▶ [Assignment]:
In the material below, write out each line word for word and omit the pictures.

▶ [Data block]:
____________________

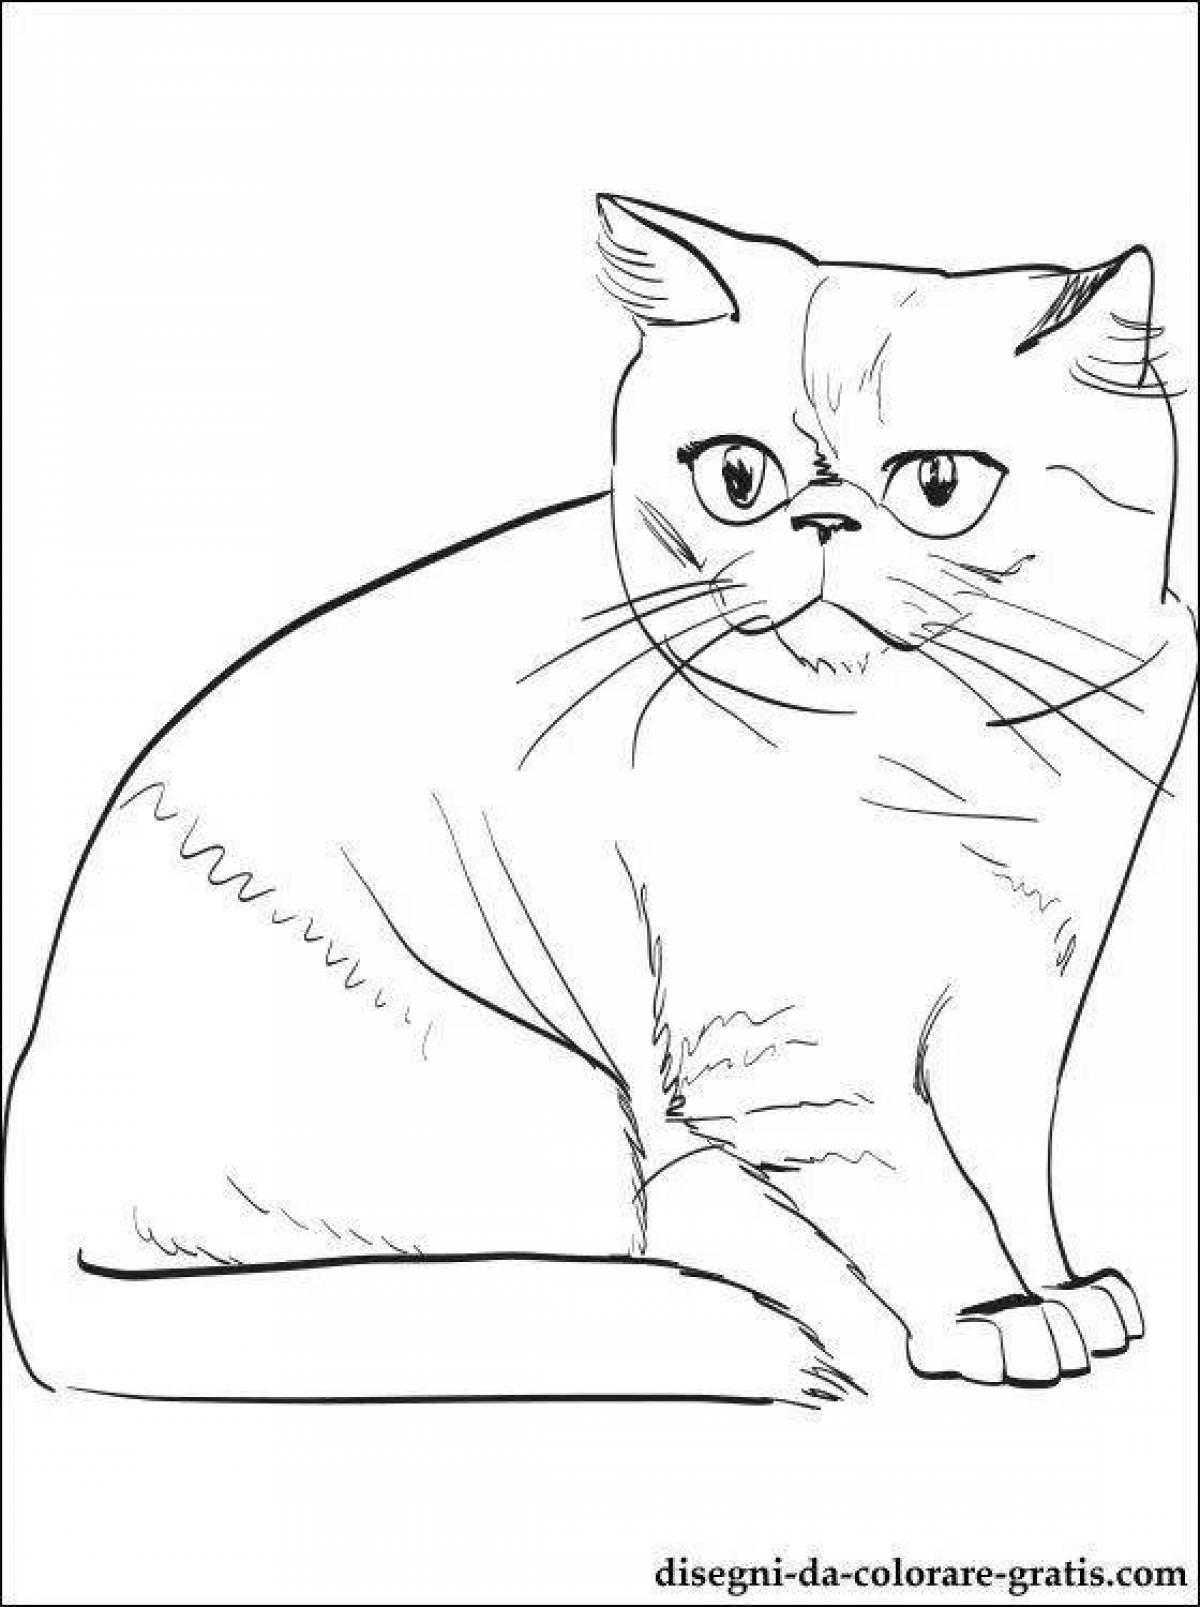 Цветная страница раскраски кошки-карандаша
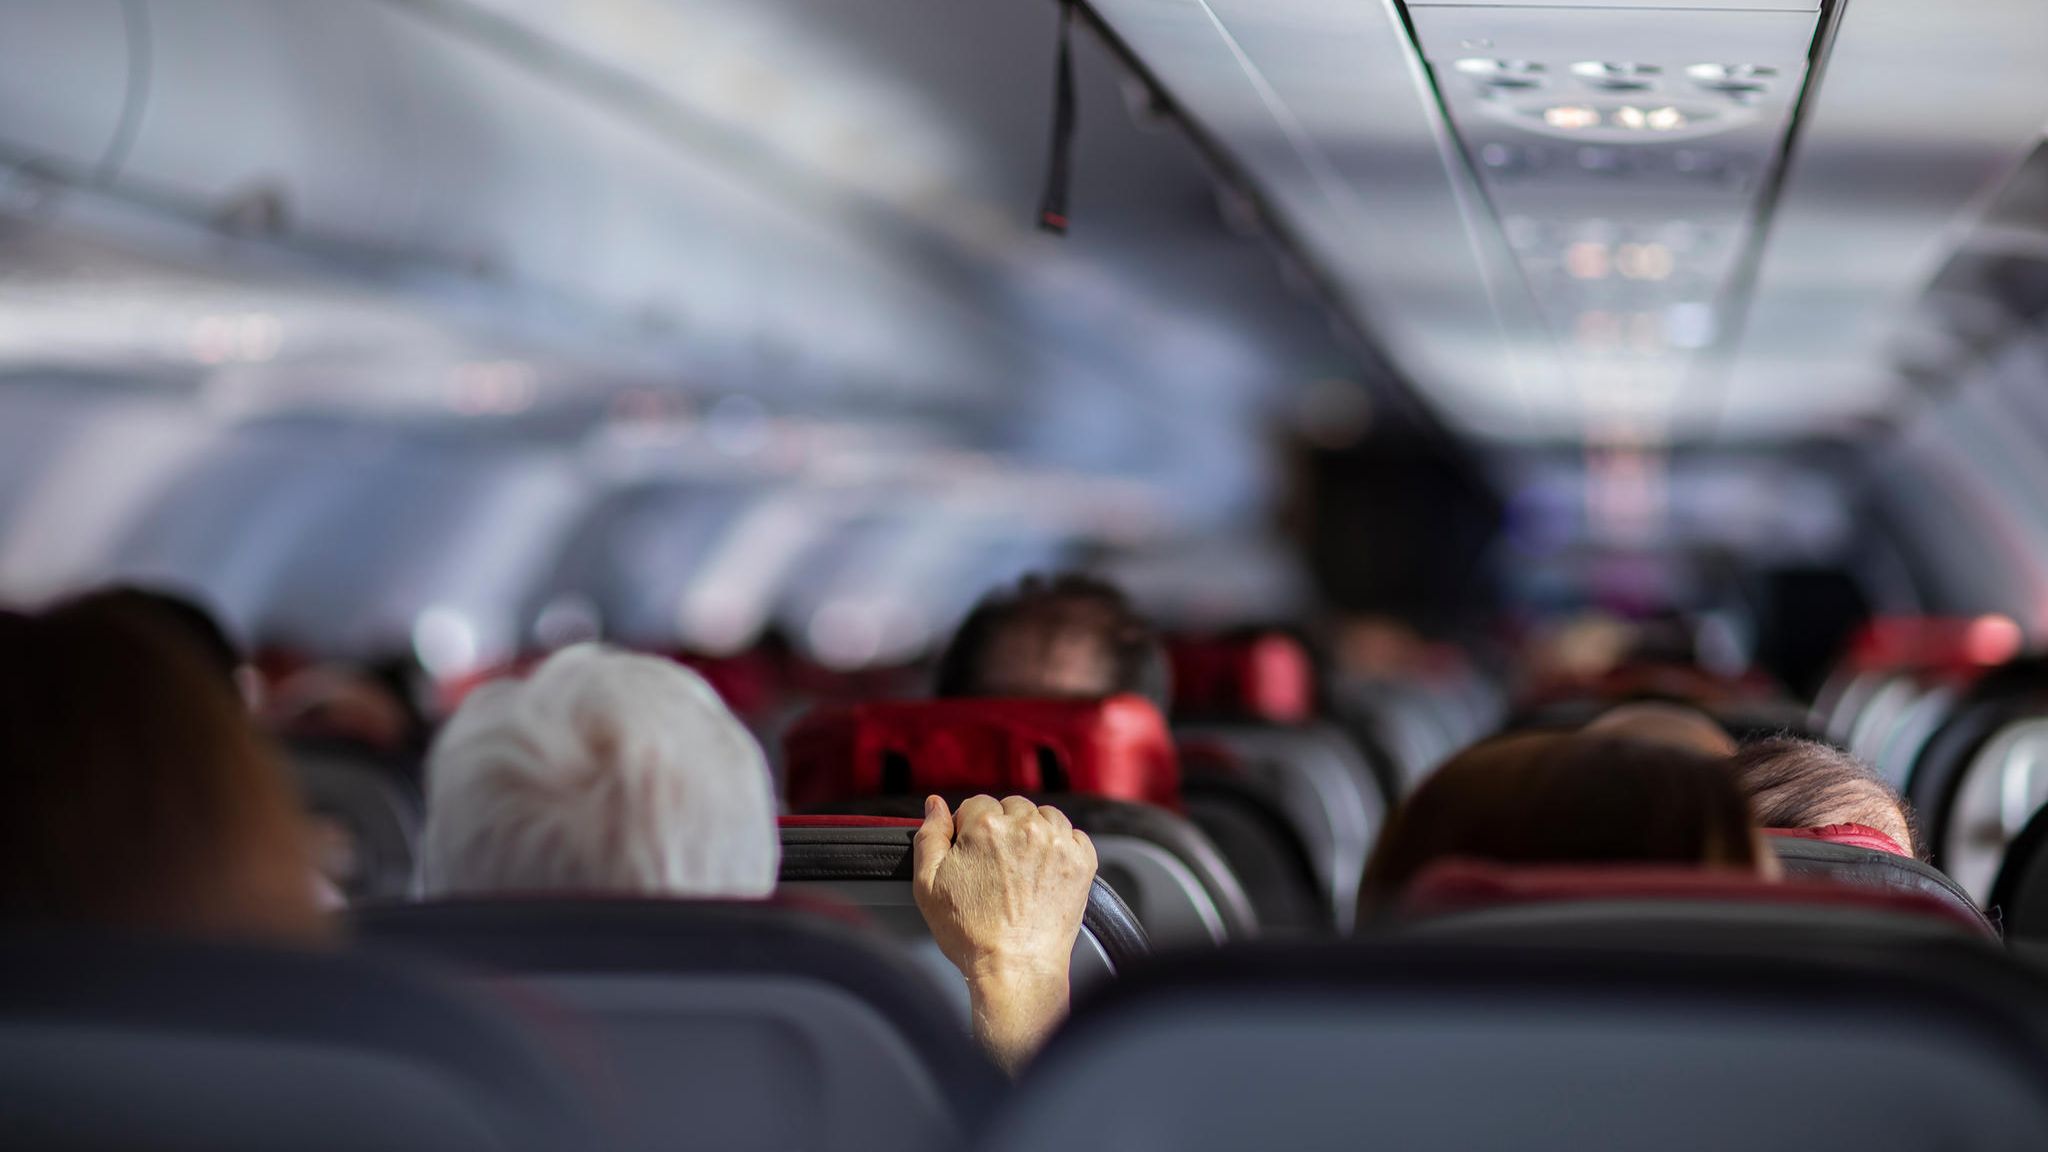 Fluggast verschickt Sex-Bilder an Passagiere und wird festgenommen STERN.de Foto
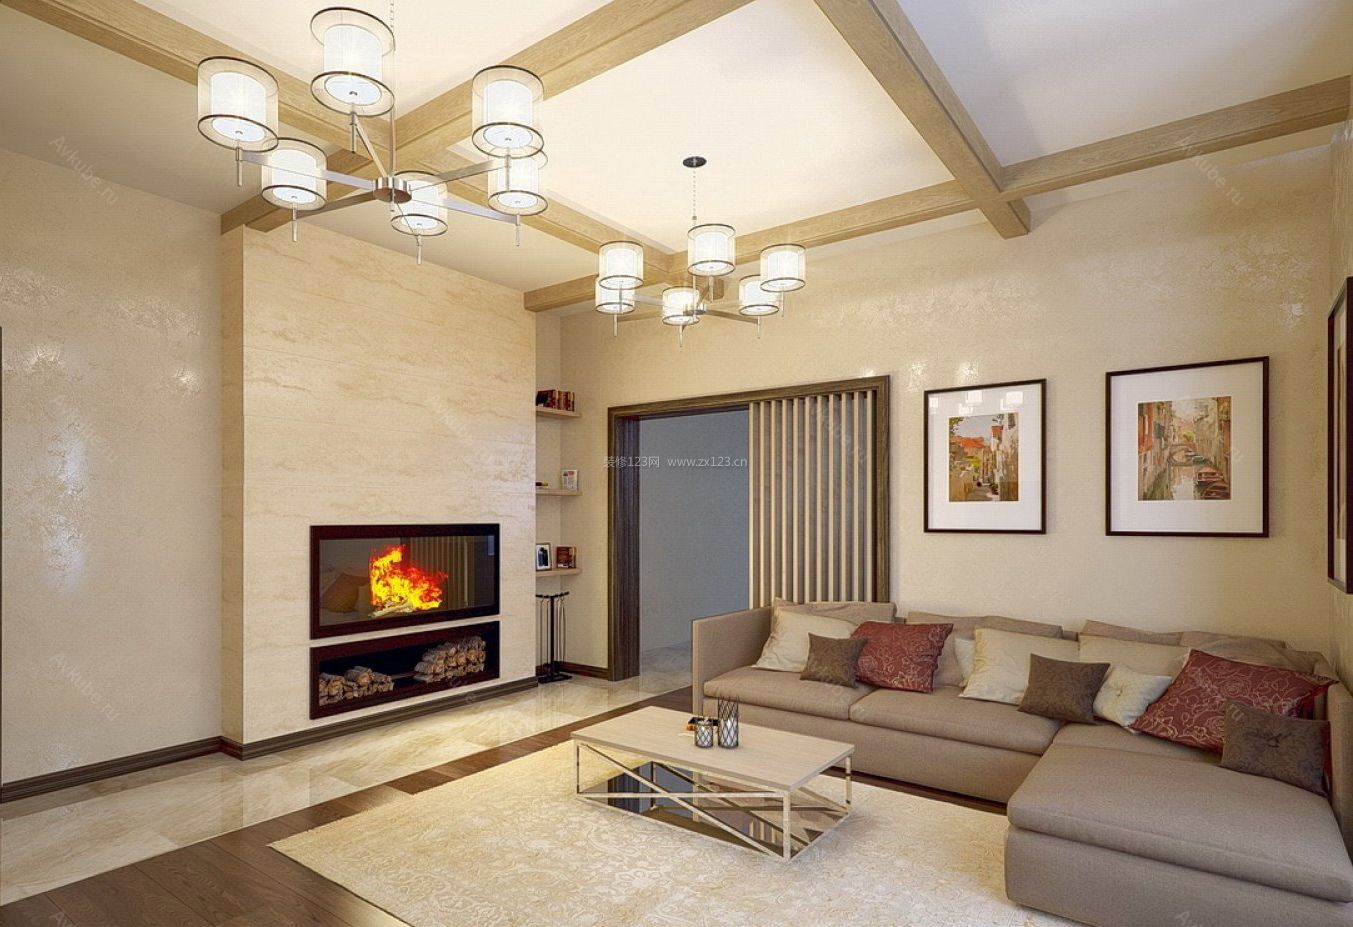 现代家庭别墅室内壁炉设计图片2021

____________________

▶ [Response to this exercise]:
 Цветная страница раскраски кошки-карандаша
 Fluggast verschickt Sex-Bilder an Passagiere und wird festgenommen STERN.de Foto
 现代家庭别墅室内壁炉设计图片2021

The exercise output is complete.